Even geographers need ways to find what they need among the thousands of maps buried in map libraries and in journal articles. It is not enough to provide search by region and keyword. Studies of queries show that people often want to look for maps showing a certain location at a certain time period or with a subject theme. The difficulties in finding such maps are several. Maps in physical and digital collections often are organized by region. Multi-dimensional manual indexing is time-consuming and so many maps are not indexed. Further, maps in non-geographical publications are indexed rarely, making them essentially invisible.
In an attempt to solve actual problems, this dissertation research automatically indexes maps in published documents so that they become visible to searchers. The MapSearch prototype aggregates journal components to allow finer-grained searching of article content. MapSearch allows search by region, time, or theme as well as by keyword (http://scilsresx.rutgers.edu/∼gelern/maps/).
Automatic classification of maps is a multi-step process. A sample of 150 maps and the text (that becomes metadata) describing the maps have been copied from a random assortment of journal articles. Experience taking metadata manually enabled the writing of instructions to mine data automatically; experience with manual classification allowed for writing algorithms that classify maps by region, time and theme automatically. That classification is supported by ontologies for region, time and theme that have been generated or adapted for the purpose and that allow what has been called intelligent search, or smart search. The 150 map training set was loaded into the MapSearch engine repeatedly, each time comparing automatically-assigned classification to manually-assigned classification. Analysis of computer misclassifications suggested whether the ontology or classification algorithm should be modified in order to improve classification accuracy. After repeated trials and analyses to improve the algorithms and ontologies, MapSearch was evaluated with a set of 55 previously unseen maps in a test set. Automated classification of the test set of maps was compared to the manual classification, with the assumption that the manual process provides the most accurate classification obtainable. Results showed an accuracy, or a correspondence between manual and automated classification, of 75% for region, 69% for time, and 84% for theme.

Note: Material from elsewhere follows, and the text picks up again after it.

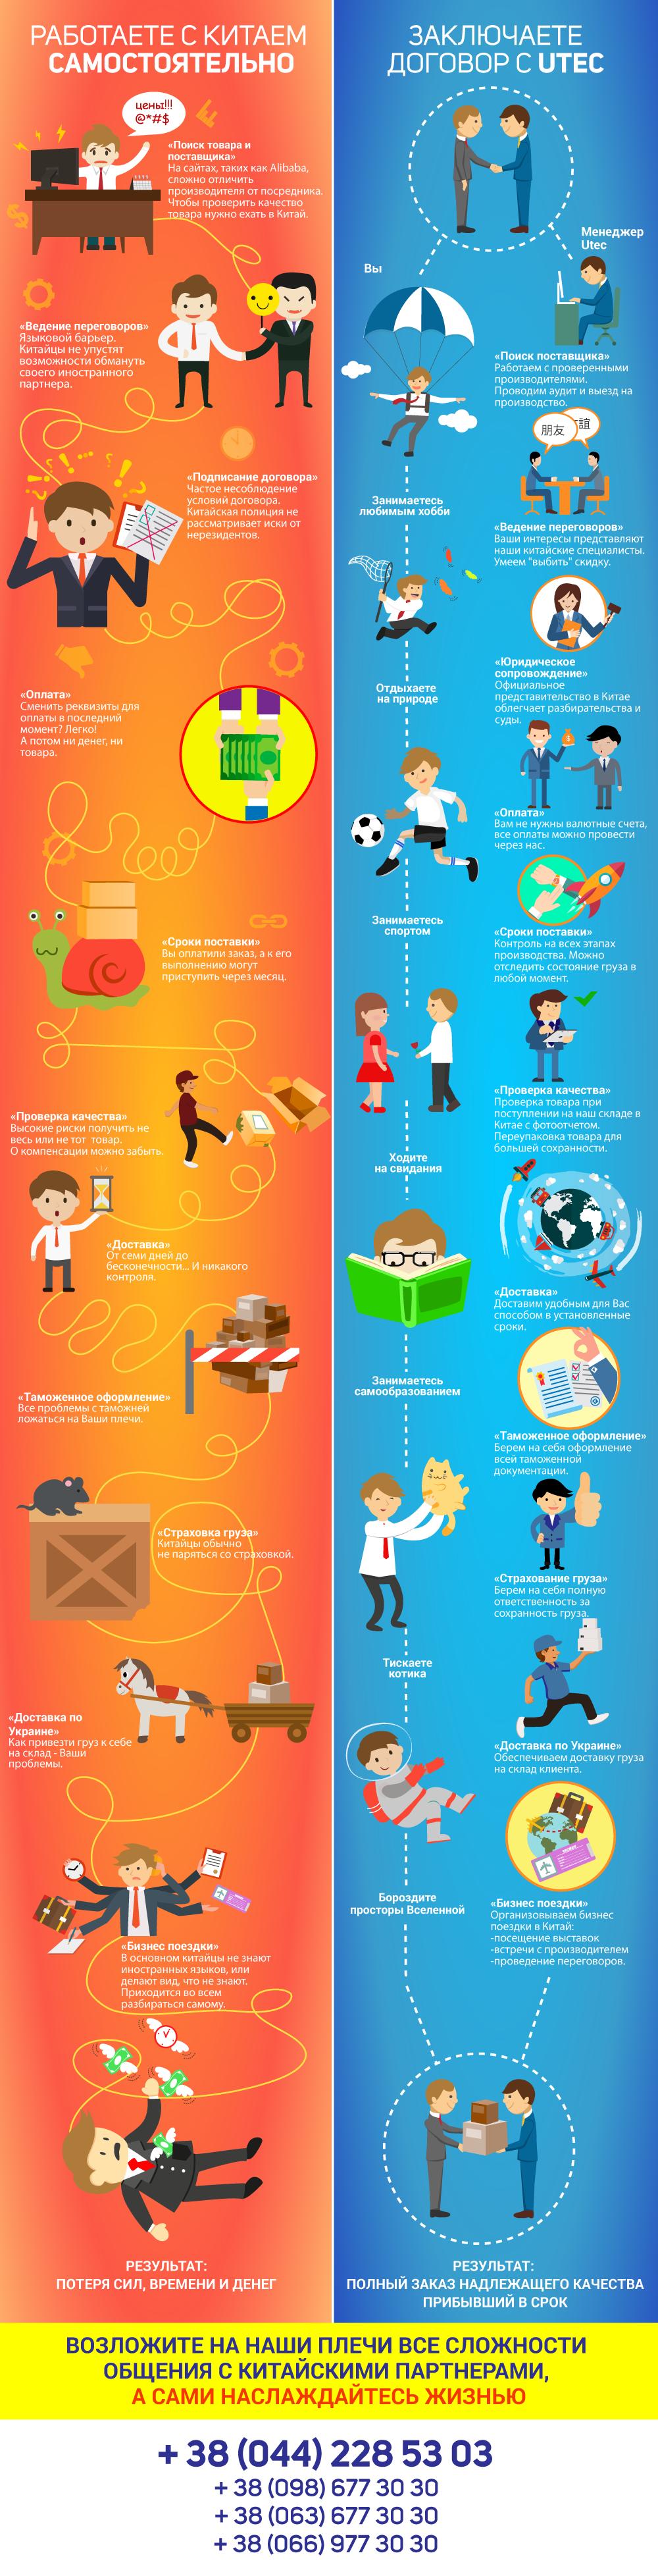 infographic_sait_1000

The dissertation contributes: (1) a protocol to harvest metadata from maps in published articles that could be adapted to aggregate other sorts of journal article components such as charts, diagrams, cartoons or photographs, (2) a method for ontology-supported metadata processing to allow for improved result relevance that could be applied to other sorts of data, (3) algorithms to classify maps into region, time and theme facets that could be adapted to classify other document types, and (4) a proof-of-concept MapSearch system that could be expanded with heterogeneous map types.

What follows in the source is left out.